SPRUI30H November 2015 – May 2024 DRA745 , DRA746 , DRA750 , DRA756
Software cannot issue VLDH_DINTRLV on odd halfwords, so use two LDH_NPT.
Cycle | LD stage | OP stage | ST stage |
---|---|---|---|
0 | iter 0 LD0 need 0x10000..0x1000F, read IBUFLA LD0_buf = {0x10000..0x1001F} LD1 need 0x10080 .. 0x1008F, stalled LD2 need 0..1, read WBUF LD2_buf = {0x0..0x1F} | ||
1 | iter 0 LD1 read IBUFLA LD1_buf = {0x10080..0x1009F} | ||
2 | iter 1 LD0 need 0x10002..0x10011, from LD0_buf LD1 need 0x10082..0x10091, from LD1_buf LD2 need 2..3, from LD2_buf | iter 0 MADD || MADD | |
3 | iter 2 LD0 need 0x10004..0x10013, from LD0_buf LD1 need 0x10084..0x10093, from LD1_buf LD2 need 4..5, from LD2_buf | iter 1 MADD || MADD | iter 0 |
4 | iter 3 LD0 need 0x10010..0x1001F, from LD0_buf LD1 need 0x10090 .. 0x1009F, from LD1_buf LD2 need 0..1, from LD2_buf | iter 2 MADD || MADD | iter 1 |
5 | iter 4 LD0 need 0x10012..0x10021, read IBUFLA LD0_buf = {0x10010..0x1002F} LD1 need 0x10092 .. 0x100A1, stall LD2 need 2..3, from LD2_buf | iter 3 MADD || MADD | iter 2 ST0 store 0x10400..0x1040F ST0 queued ST1 store 0x10480..0x1048F ST1 queued |
6 | iter 4 LD1 read IBUFLA LD1_buf = {0x10090..0x100AF} | stalled | stalled |
7 | iter 5 LD0 need 0x10014..0x10023, from LD0_buf LD1 need 0x10094..0x100A3, from LD1_buf LD2 need 4..5, from LD2_buf | iter 4 MADD || MADD | iter 3 ST0 write IBUFLA |
8 | iter 6 LD0 need 0x10020..0x1002F, from LD0_buf LD1 need 0x100A0..0x100AF, from LD1_buf LD2 need 0..1, from LD2_buf | iter 5 MADD || MADD | iter 4 ST1 write IBUFLA |
9 | iter 7 LD0 need 0x10022..0x10031, read IBUFLA LD0_buf = {0x20..x3F} LD1 need 0x100A2..0x100B1, stall LD2 need 2..3, from LD2_buf | iter 6 | iter 5 ST0 store 0x10410..0x1041F ST0 queuedST1 store 0x10490..0x1049F ST1 queued |
10 | iter 7 LD1 read IBUFLA LD1_buf = {0x100A0..0x100BF} | stalled | stalled |
In this loop, with 2 VLDH_NPT to sustain 16 multiply-accumulates per iteration, the load stage stalled due to memory contention in IBUFL from the 2 loads.

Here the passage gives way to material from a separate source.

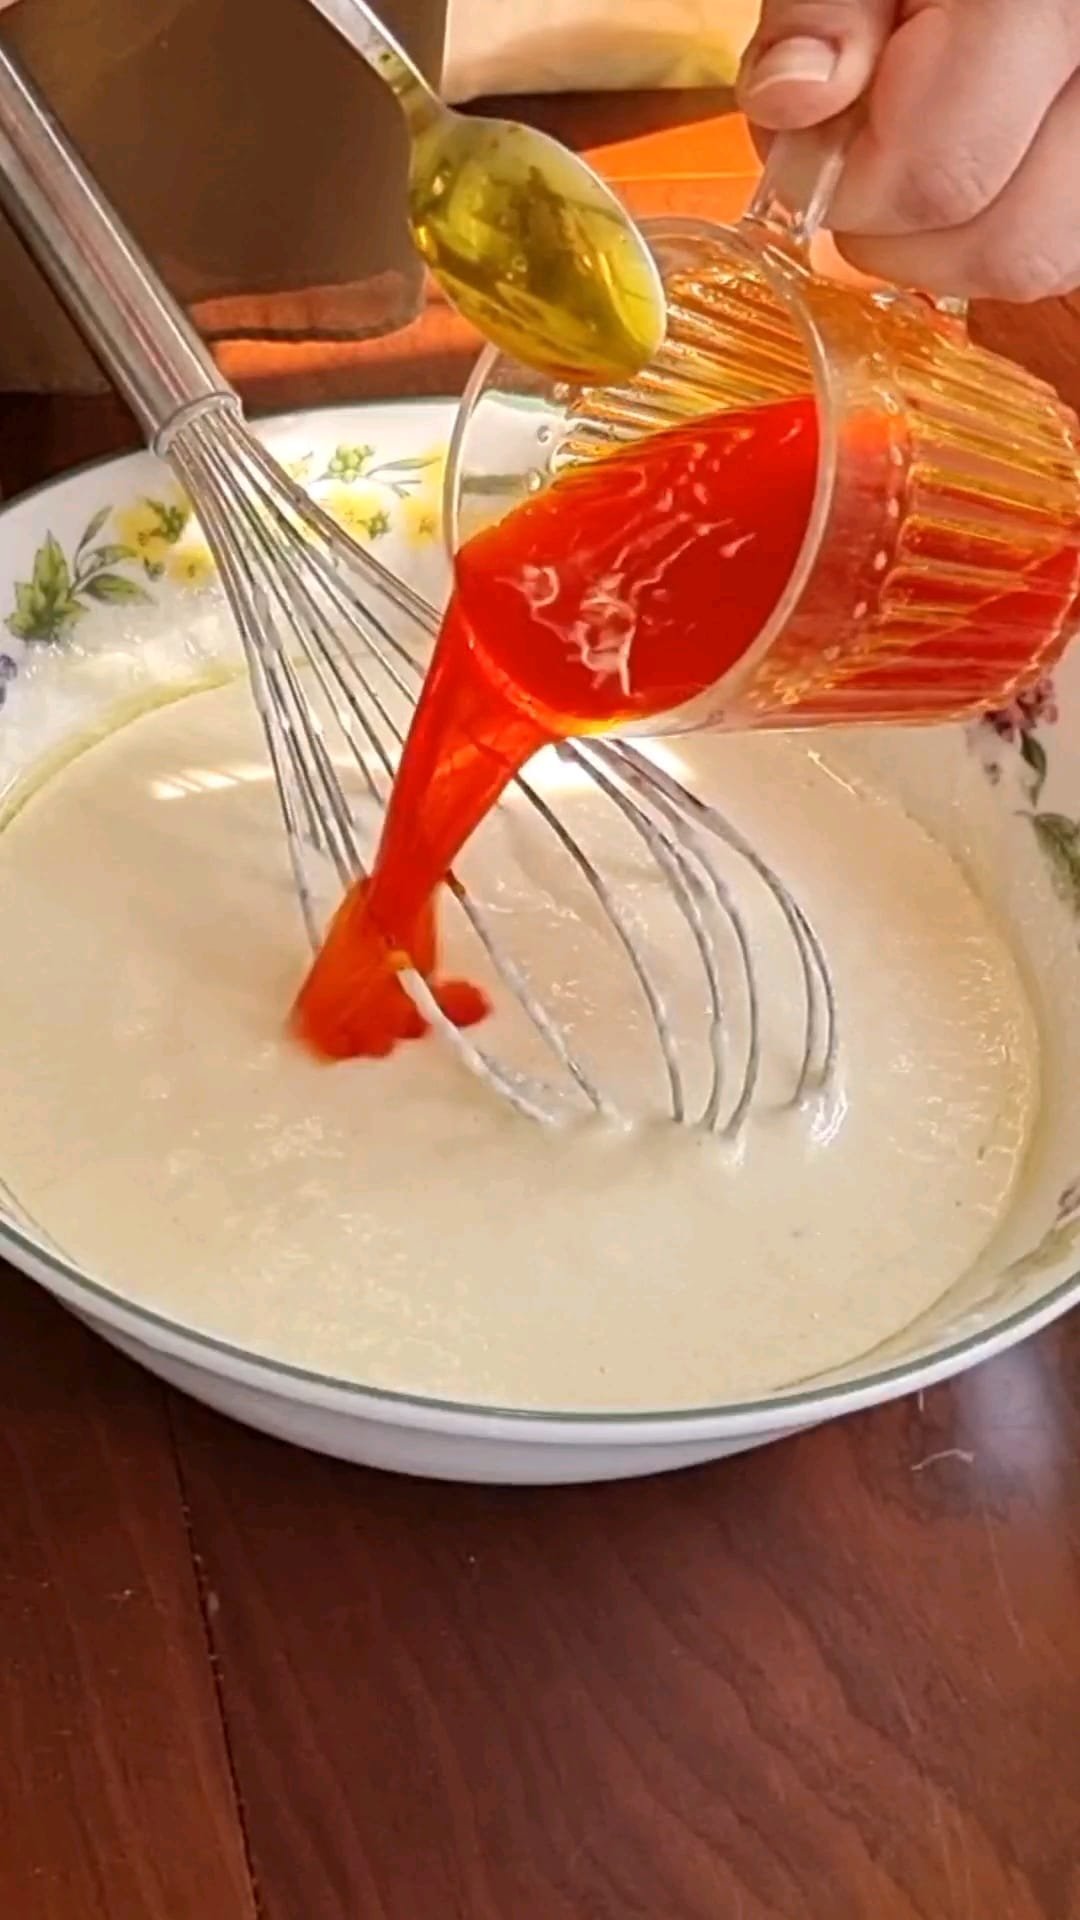 Add saffron to the yogurt and mix.

The read buffer supplies data for 2 subsequent iterations in steady state, leaving 2 memory-read free cycles every 3 iterations. With output writing back to IBUFL, the store buffer effectively delays the memory writes to use these free memory slots. Each i4 loop of 3 iterations thus takes 4 cycles to complete.